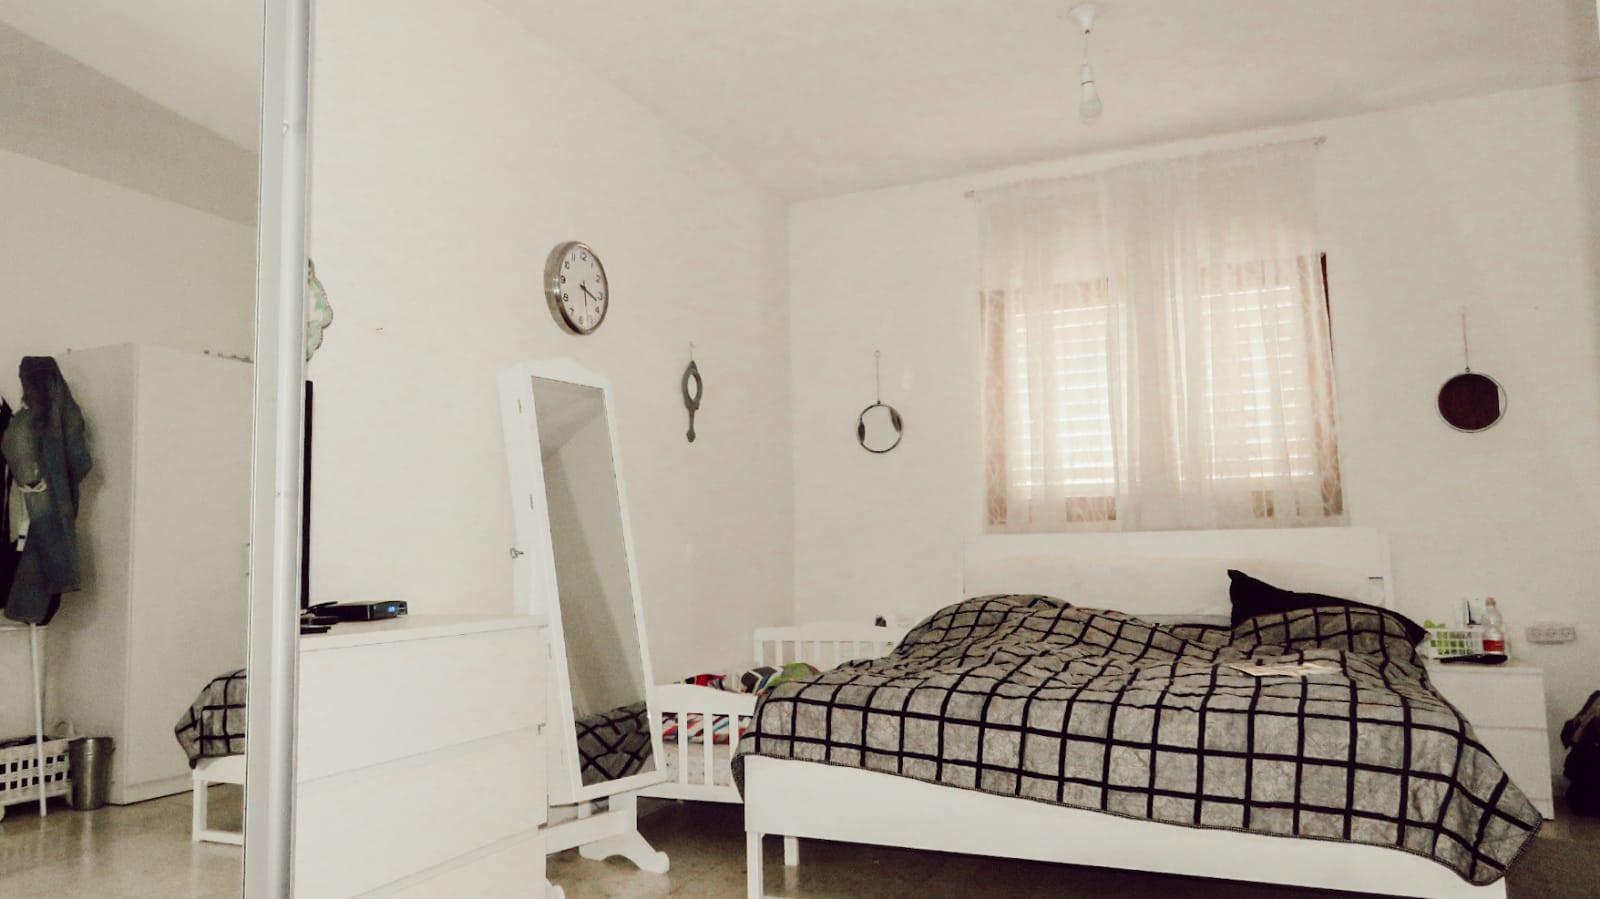 בית למכירה בחרוצים- חדר השינה הגדול
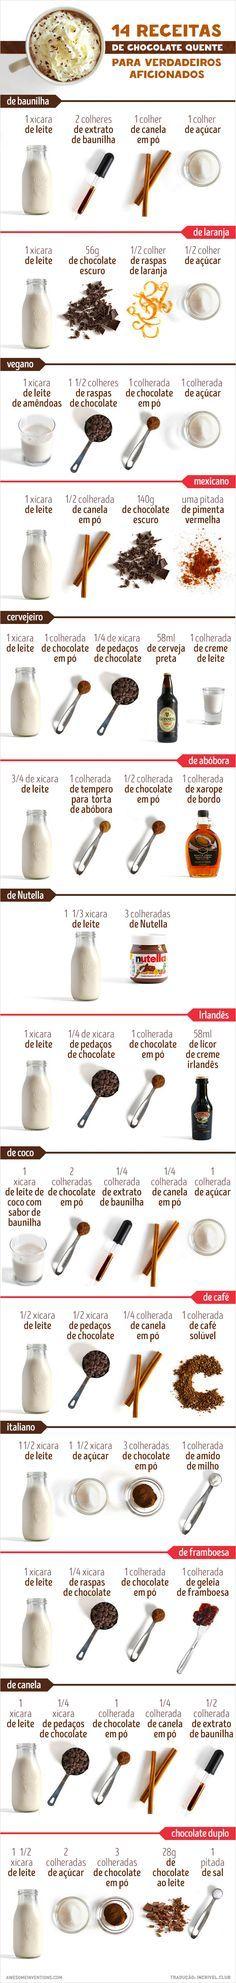 14receitas dechocolate quente para um verdadeiro chocólatra
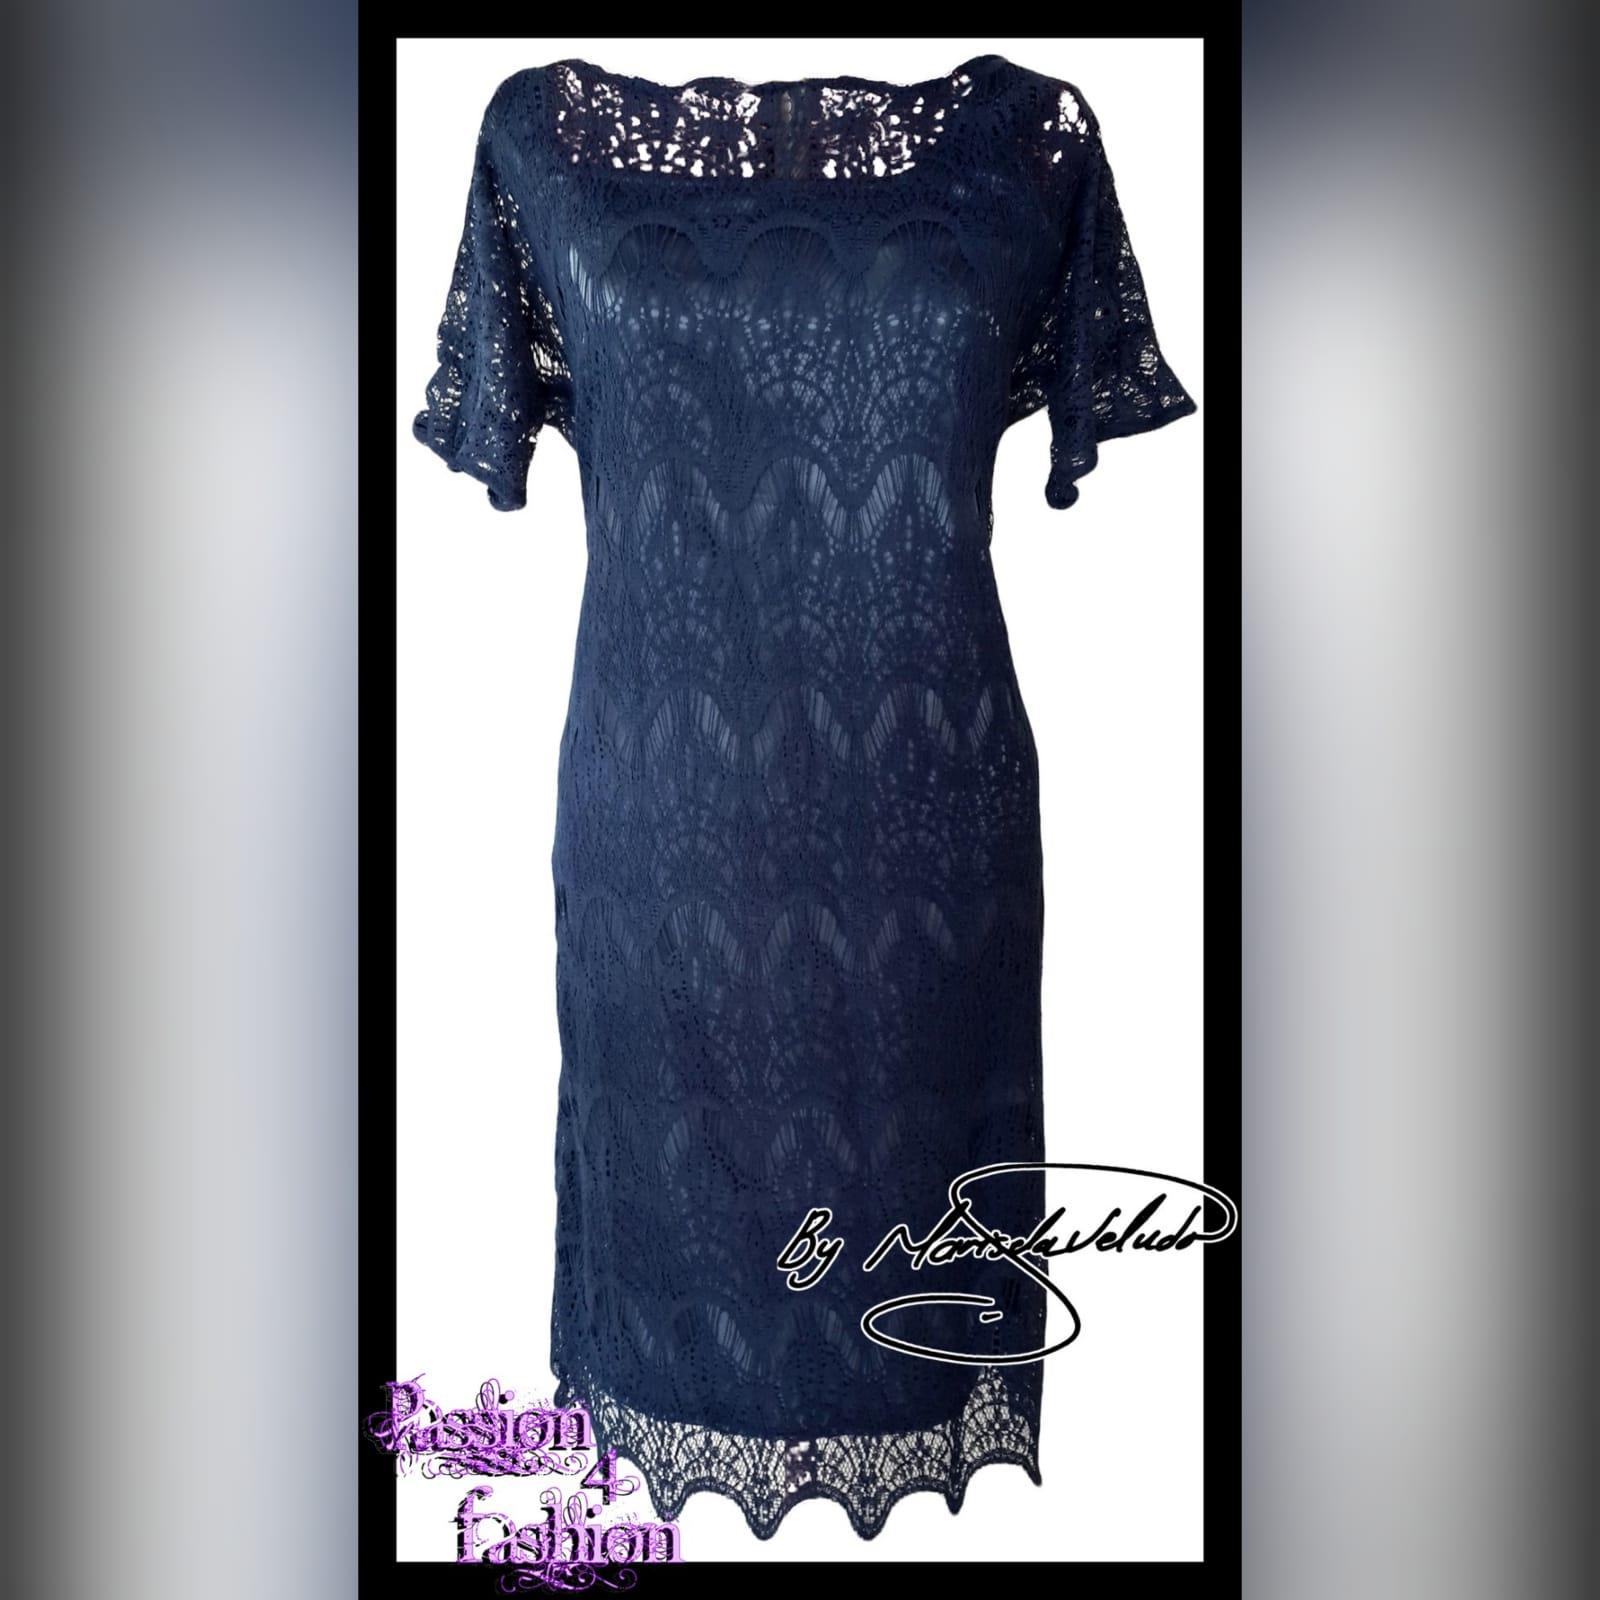 Vestido curto de ceremonia azul marinho 1 vestido curto de ceremonia azul marinho, totalmente de renda com uma bainha de vieira e mangas curtas de renda
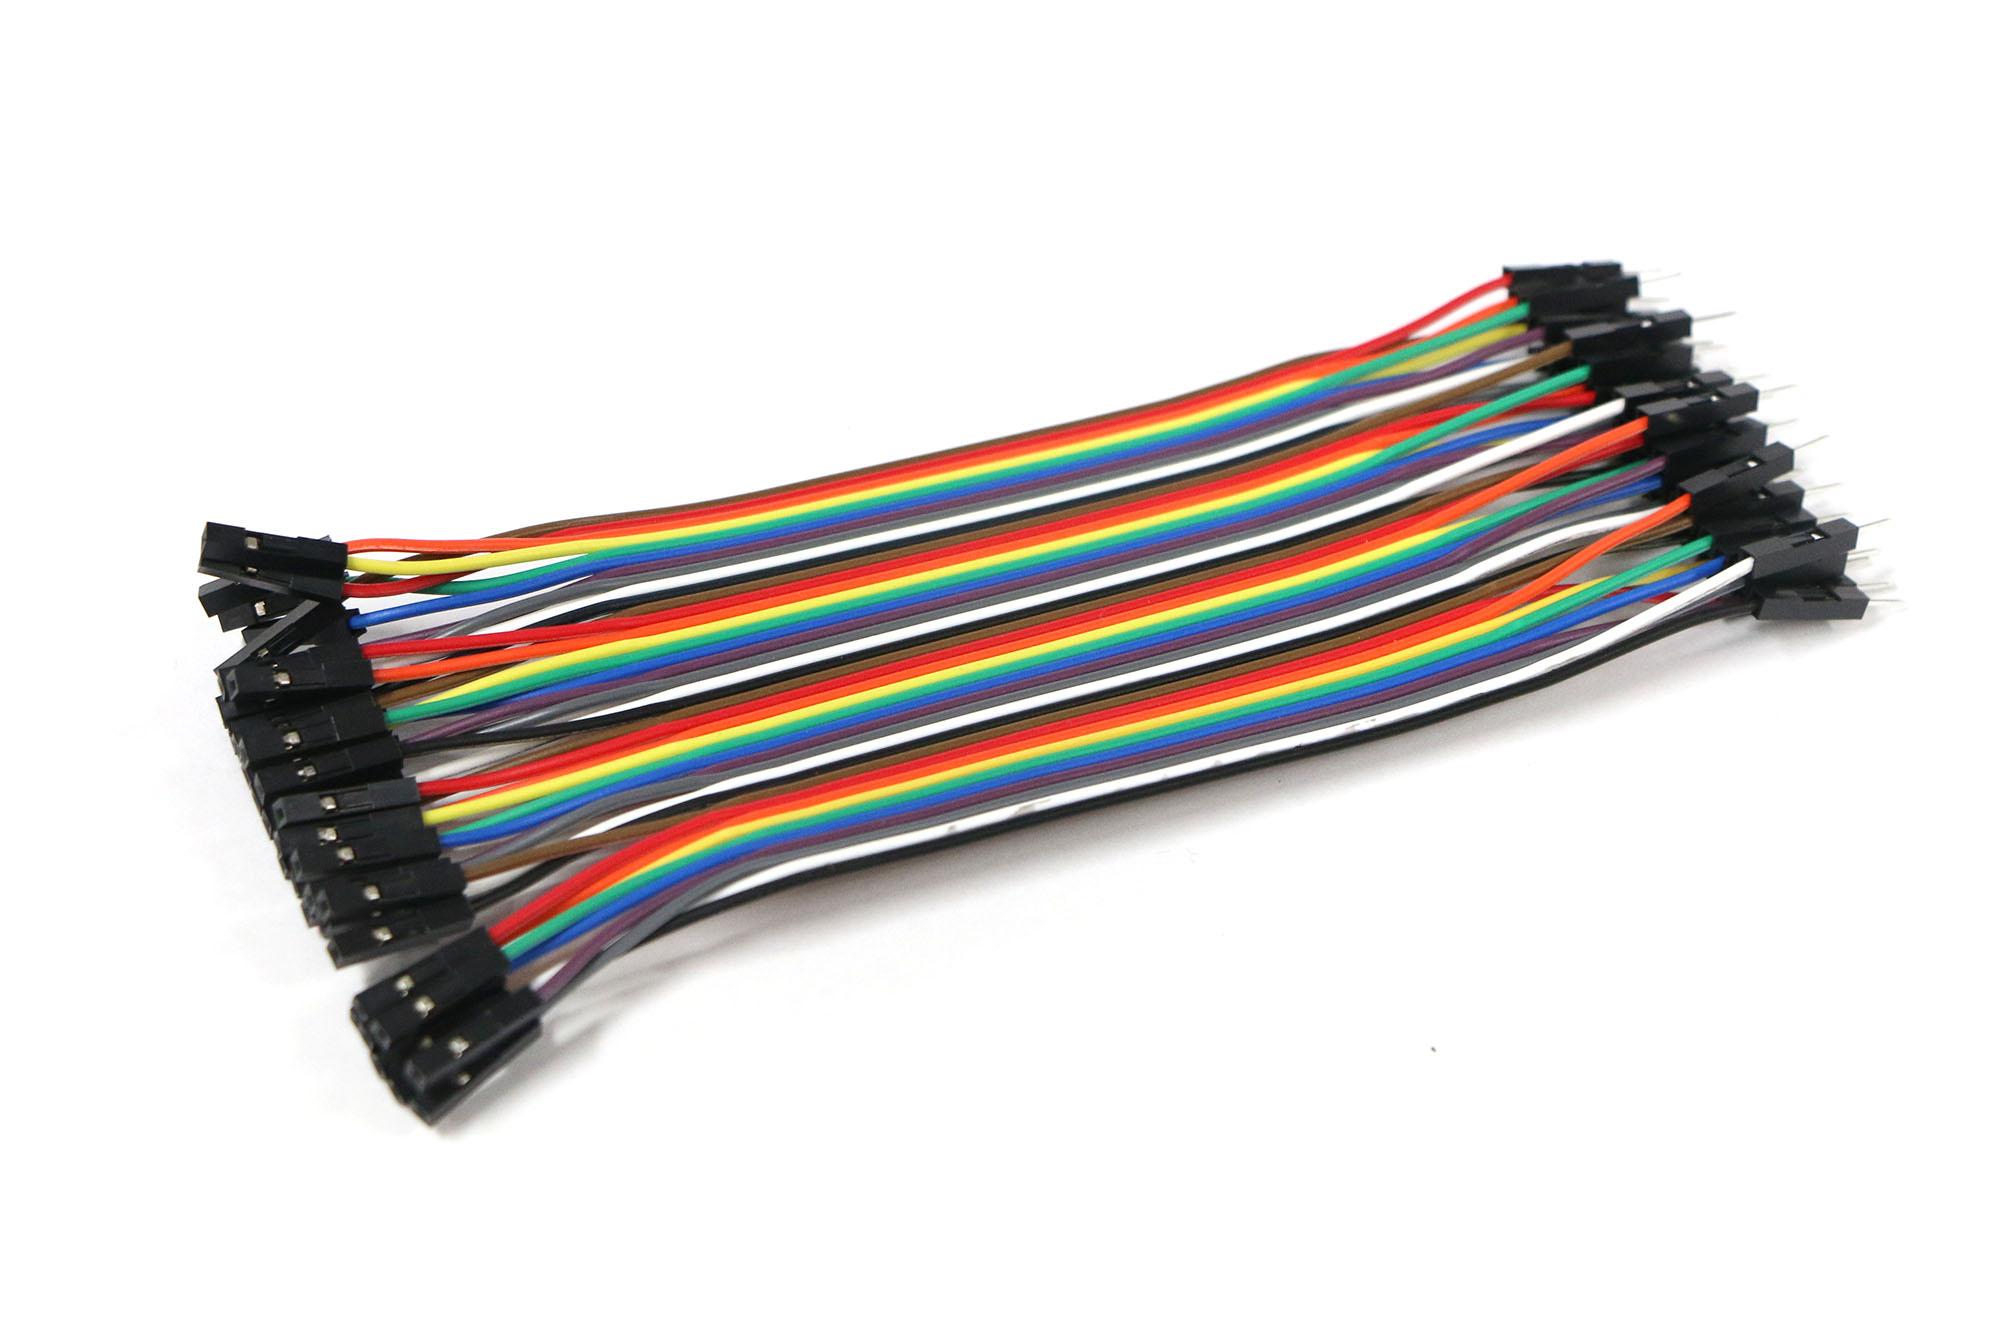 สายไฟ จัมเปอร์ Jump Wire (Male to Female) ยาว 20 cm จำนวน 40 เส้น

Requirement: Exclude all images and retype the data precisely.

Response:
 בית למכירה בחרוצים- חדר השינה הגדול
 14receitas dechocolate quente para um verdadeiro chocólatra
 Vestido curto de ceremonia azul marinho 1 vestido curto de ceremonia azul marinho, totalmente de renda com uma bainha de vieira e mangas curtas de renda
 สายไฟ จัมเปอร์ Jump Wire (Male to Female) ยาว 20 cm จำนวน 40 เส้น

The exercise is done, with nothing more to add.